Today I'm substitute teaching for a friend. He's the french teacher at the high school. Since this is french class, I'm requiring everyone who wants to go to the bathroom or get a drink to ask me in french. It's proving to be quite interesting how sophomores and juniors in second-year french have no idea how to pronounce things like "pui" and "j'aller."

So I wrote it on the board phonetically. Some of them are still doing without water and the bathroom because they refuse to say it. They don't want to look stupid, like "know-nothings."

While they are doing their writing assignments, I've had time to read my daily bible -- I Corinthians 8.

You know, I love how the bible is all about balance. Essentially, balance means that too much of a good thing is a bad thing. How true! How many bad things are simply a corruption of a good thing? Too much chocolate -- too much candy -- too much work -- too much play -- too much talking -- too much waiting -- too busy -- too much sleep -- too much!

Here's a quote from the first part of the chapter --

We sometimes tend to think we know all we need to know to answer these kinds of questions—but sometimes our humble hearts can help us more than our proud minds. We never really know enough until we recognize that God alone knows it all.
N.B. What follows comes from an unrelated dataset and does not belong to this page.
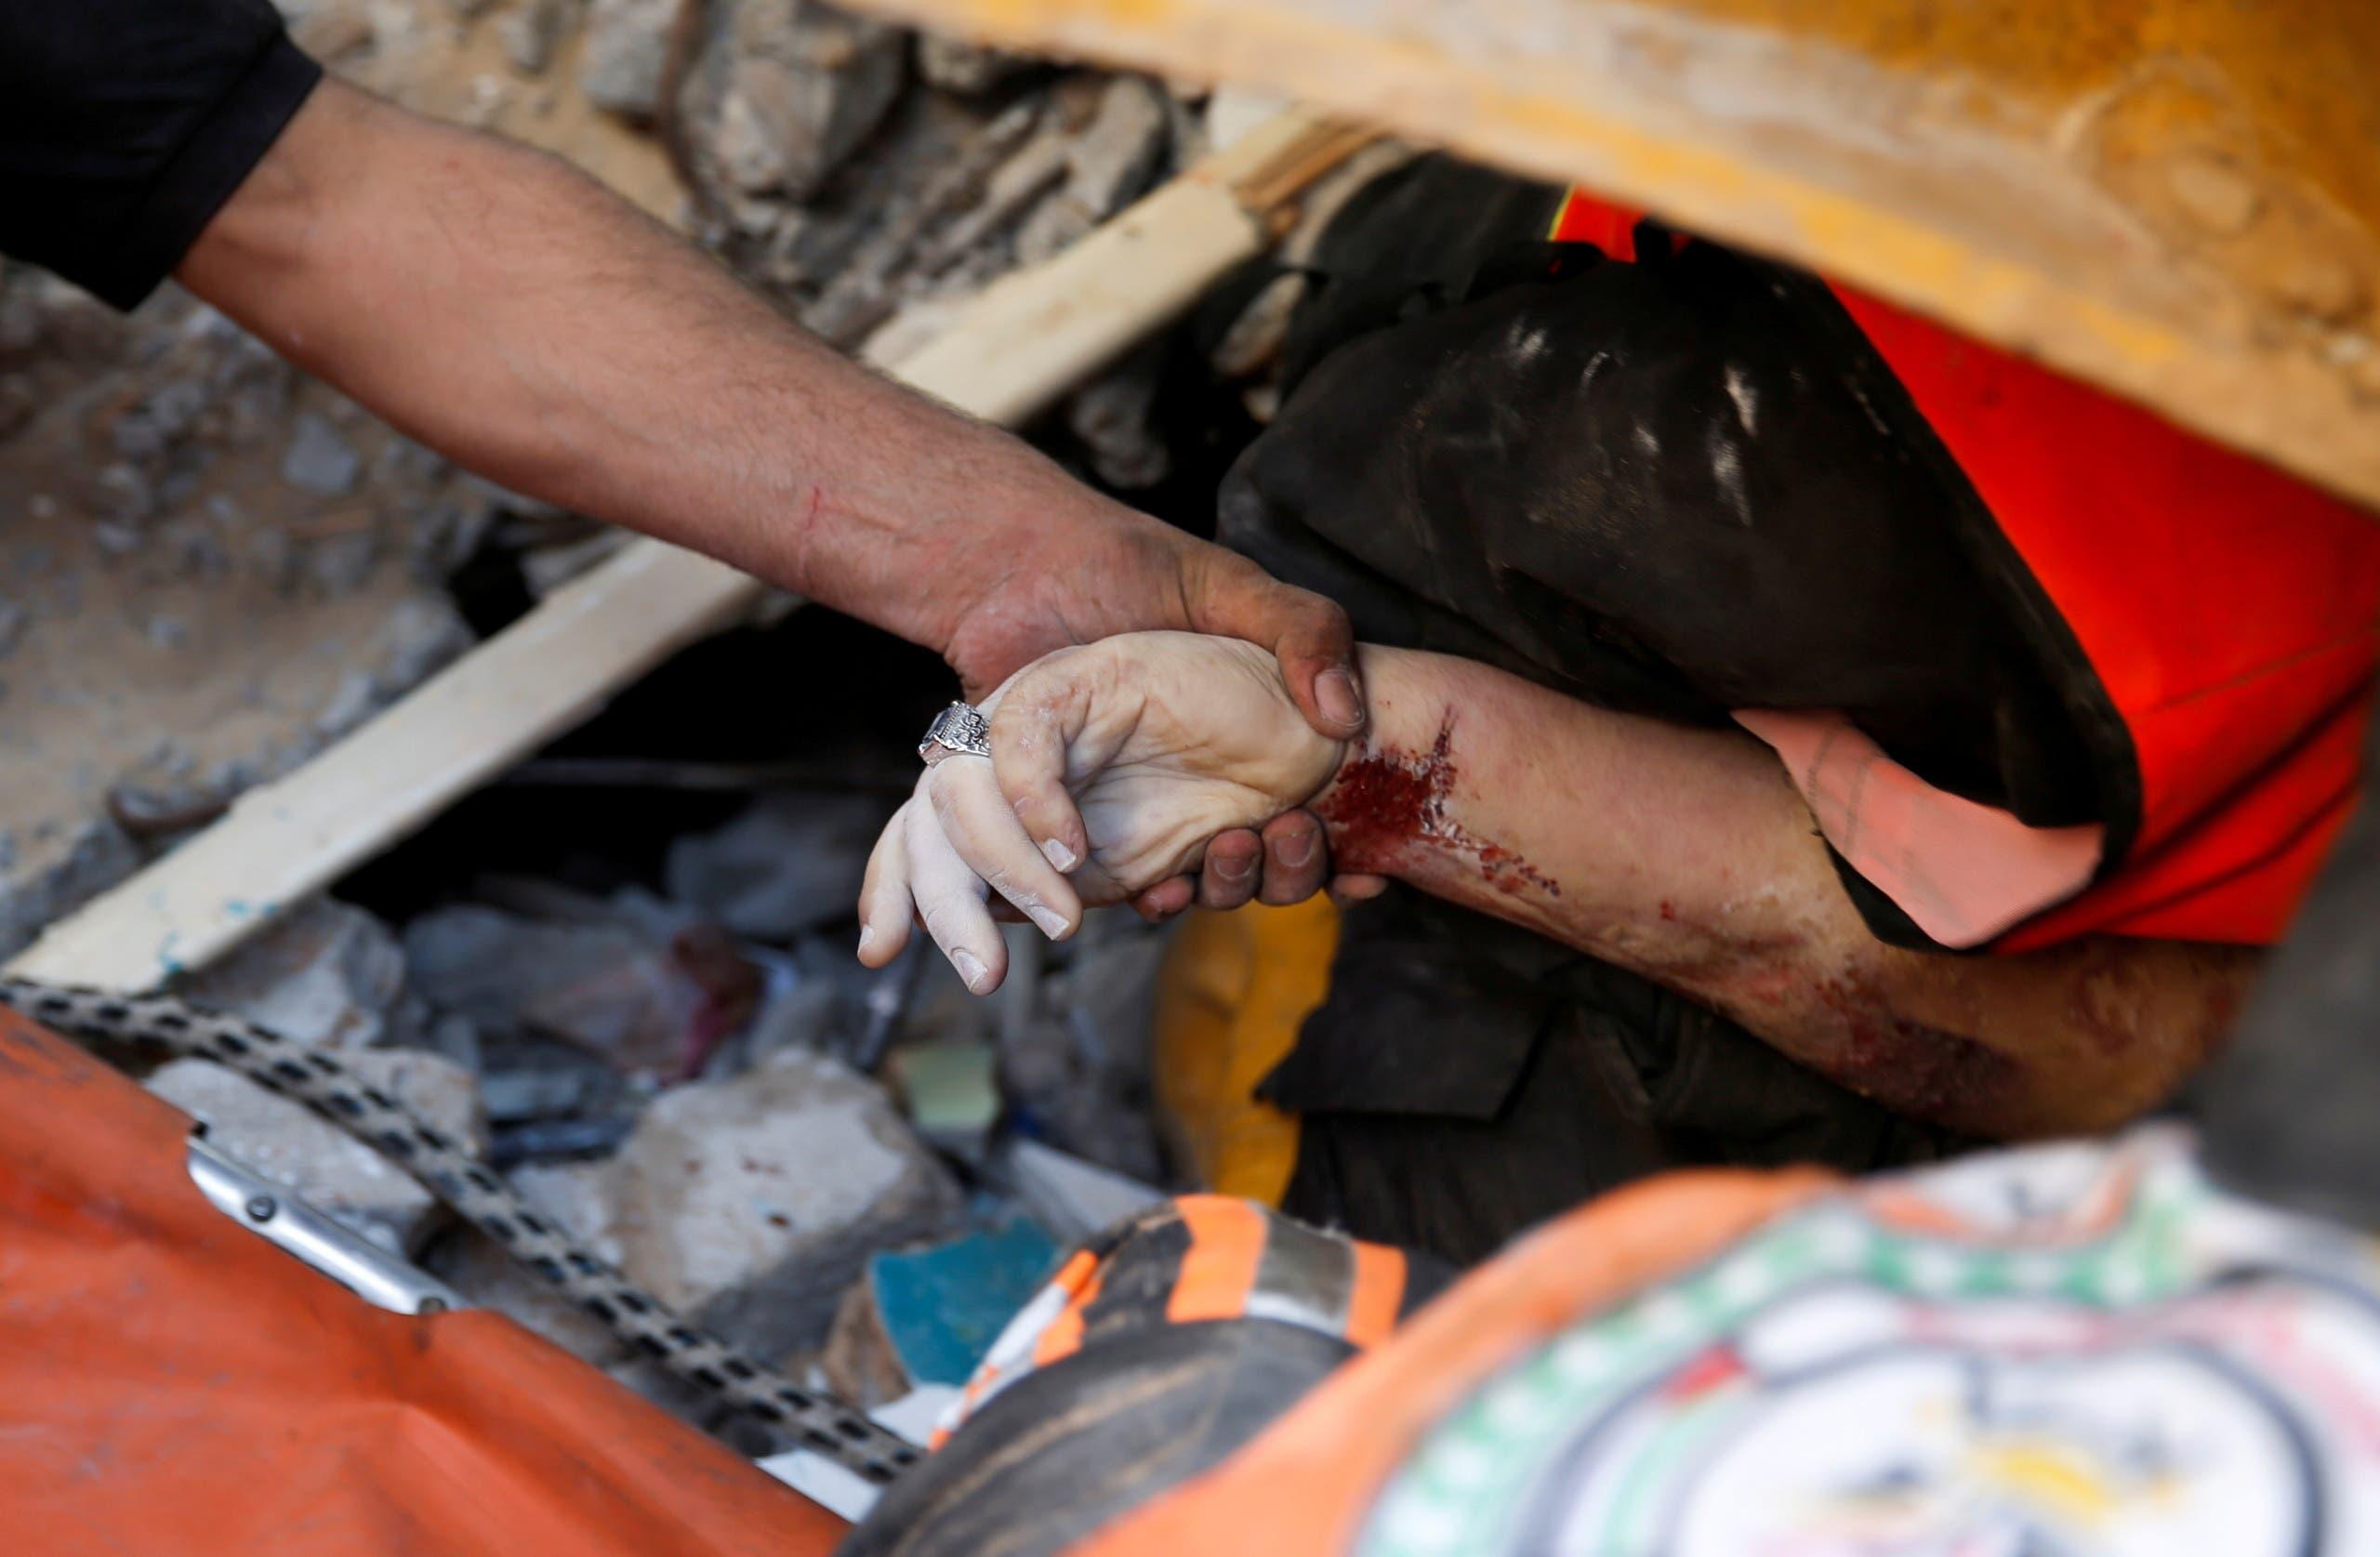 البحث عن ناجين وجثث تحت انقاض مبنى مهدم في غزة بسبب القصف الإسرائيلي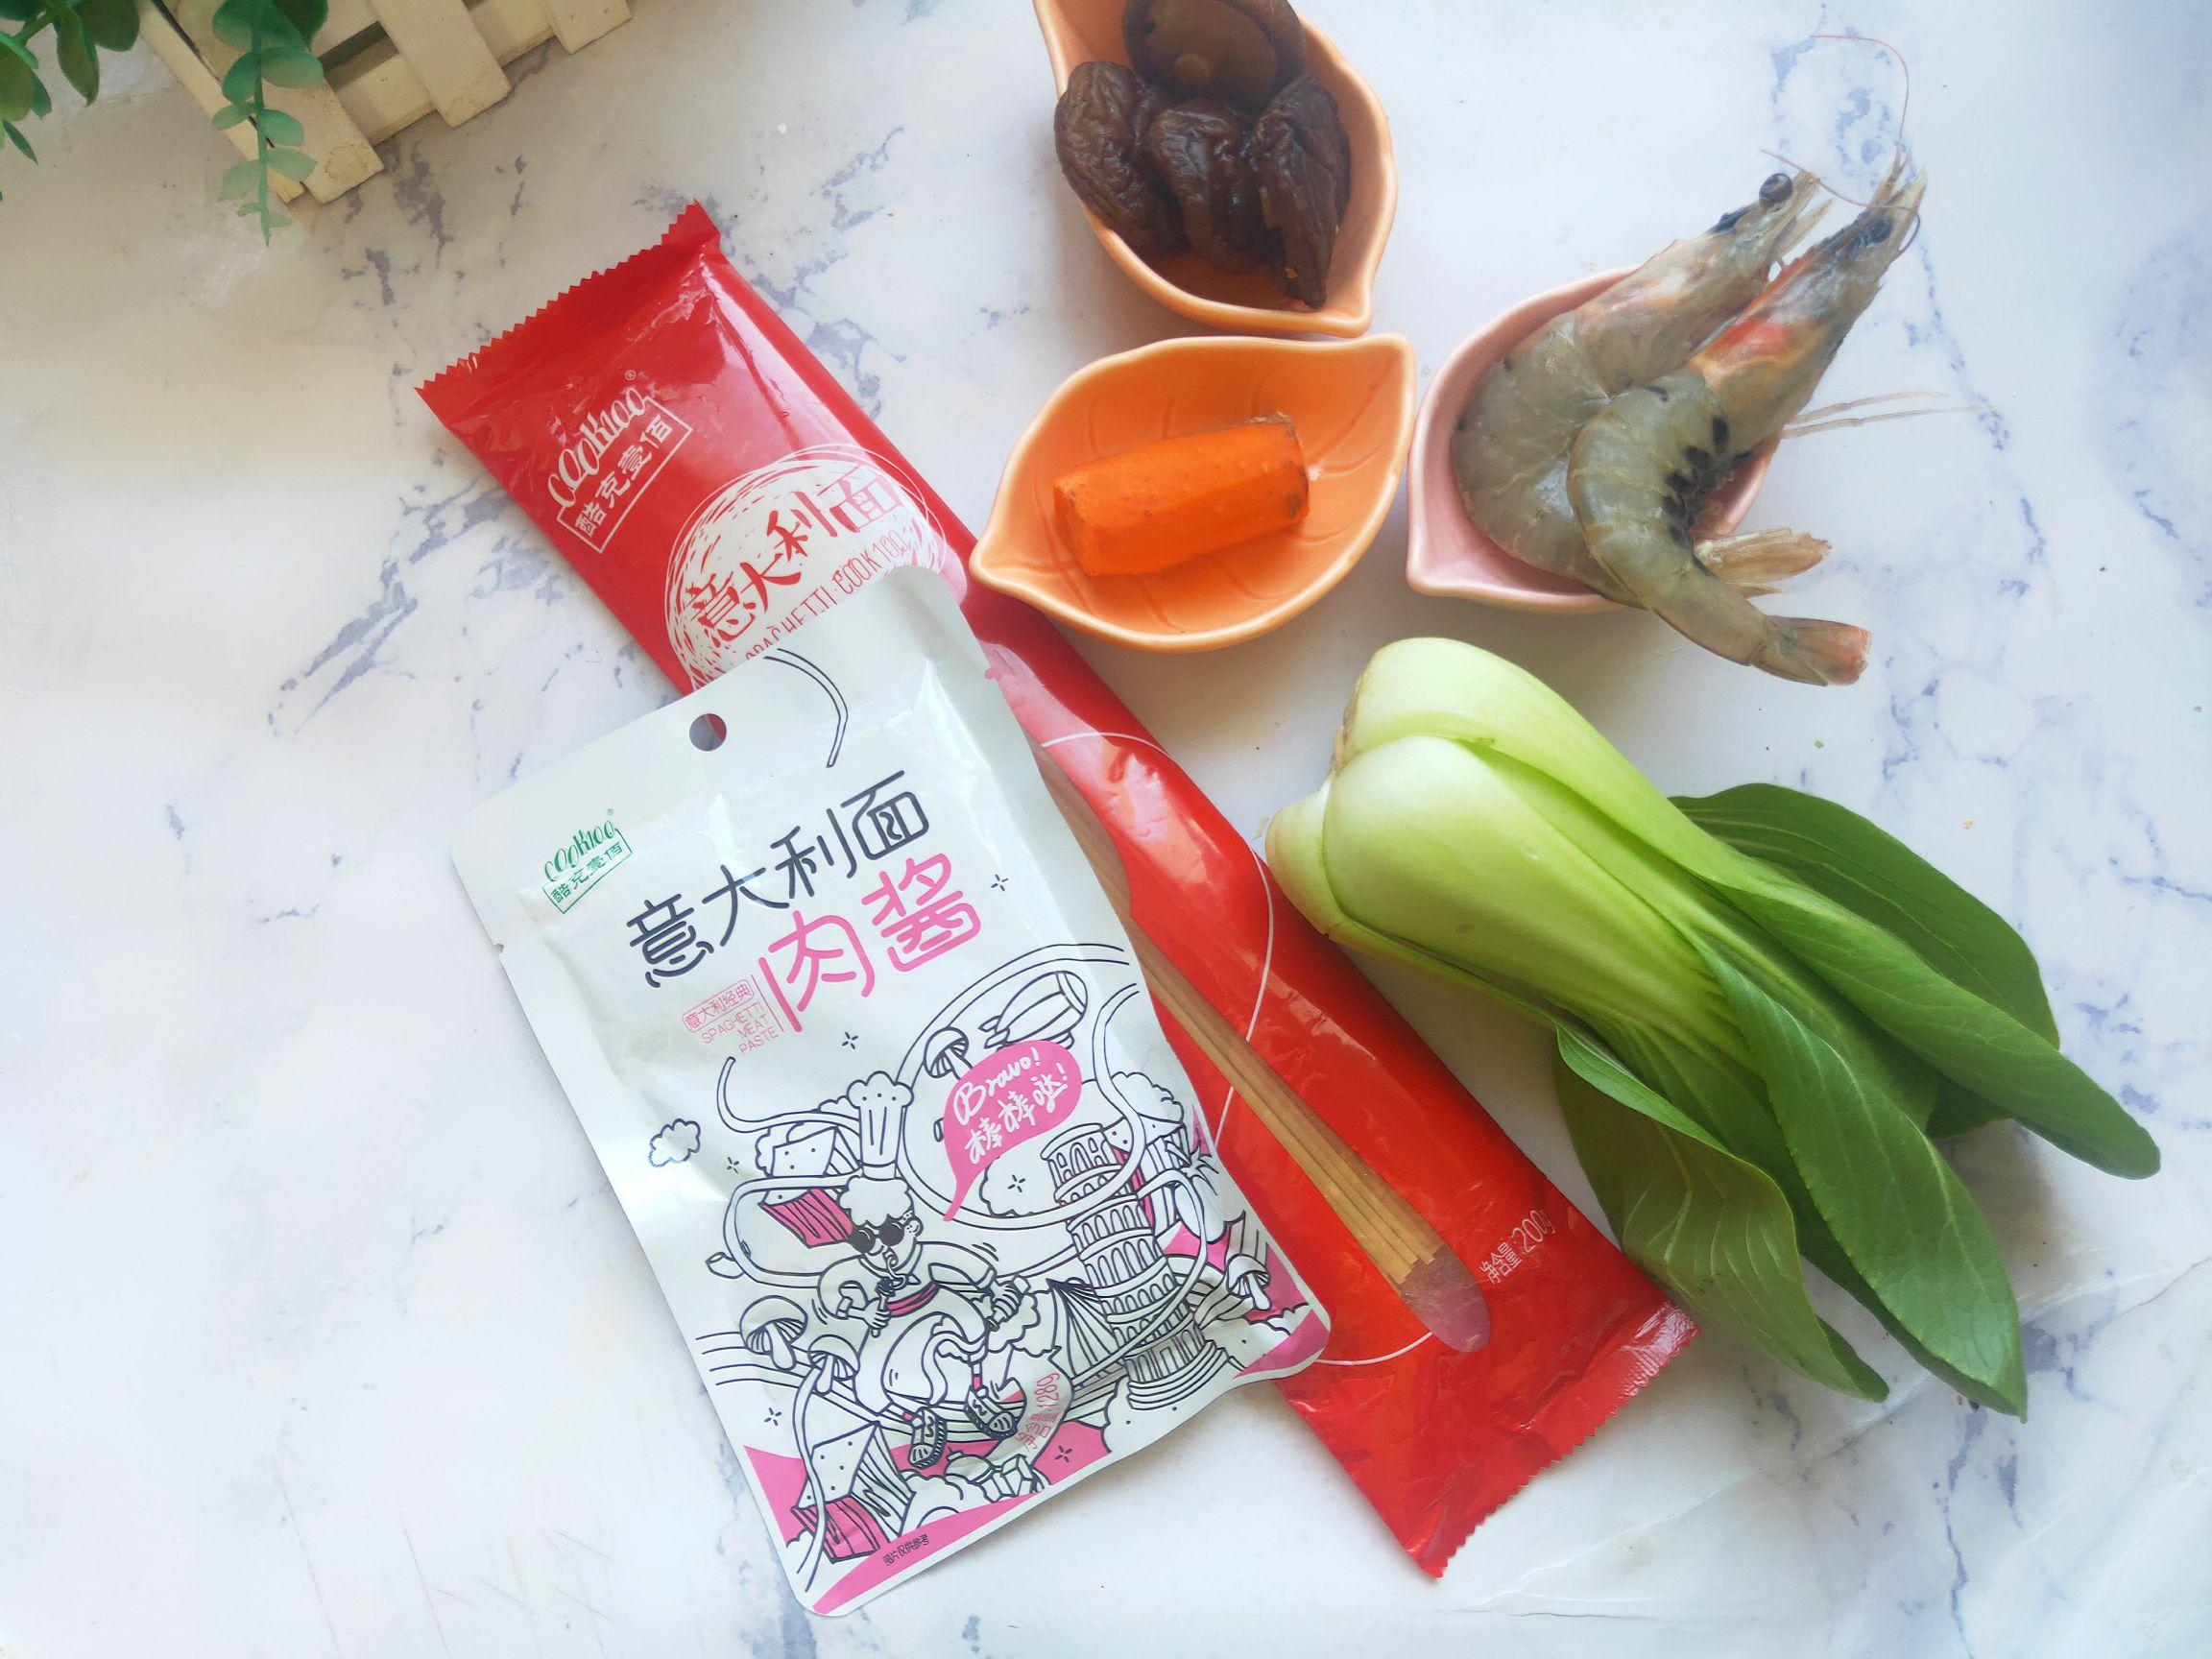 意大利肉酱鲜虾面的家常做法

Once in awhile I have to just stop and admit that I just flat don't know -- but maybe I can find the answer. And sometimes I can't even find the answer. It's humbling to admit, and yet good to know that God really does know it all. And He'll tell me the answer if I simply ask. Is there any better advice for a young Christian?

And here is the best part of the chapter, for me:

But knowing isn't everything. If it becomes everything, some people end up as know-it-alls who treat others as know-nothings. Real knowledge isn't that insensitive.

We do love to measure things, don't we? We like to know that we're this smart or that tall. Or that we're this old, or that far along in our studies, or we've been a Christian this many years.

There was one group that really irritated Jesus -- the Pharisees. They were all about the rules and paid no attention to the "spirit of the law," or the reasons behind the rules. They were the types of know-it-alls to whom Paul refers. They were highly respected, and originally had the right idea -- but it became a corruption of the good idea when it became rules and laws and a constant measuring of everything. It gave them big heads, and some of them treated non-Pharisees as "know-nothings."

REAL KNOWLEDGE ISN'T THAT INSENSITIVE. Wow! Could Paul have said it any better?

The Pharisees like Josepheus (who provided the tomb for Jesus' burial) were the ones who were the good ones -- who realised that God really does know it all, and while they knew a lot, they certainly didn't know everything. They realised that there has to be a balance between the rules and the knowing that we can never keep them all.

There has to be grace. And there has to be a Saviour. We have to stop sometimes and admit that we just don't know it all, and that if you can't keep every rule, maybe you should just concentrate on the reason for the rule.

Lord God, please enable me today to be humble before these teenagers, to let them know that I certainly don't know it all, and that the best thing any Christian can do is pursue You in everything. Amen.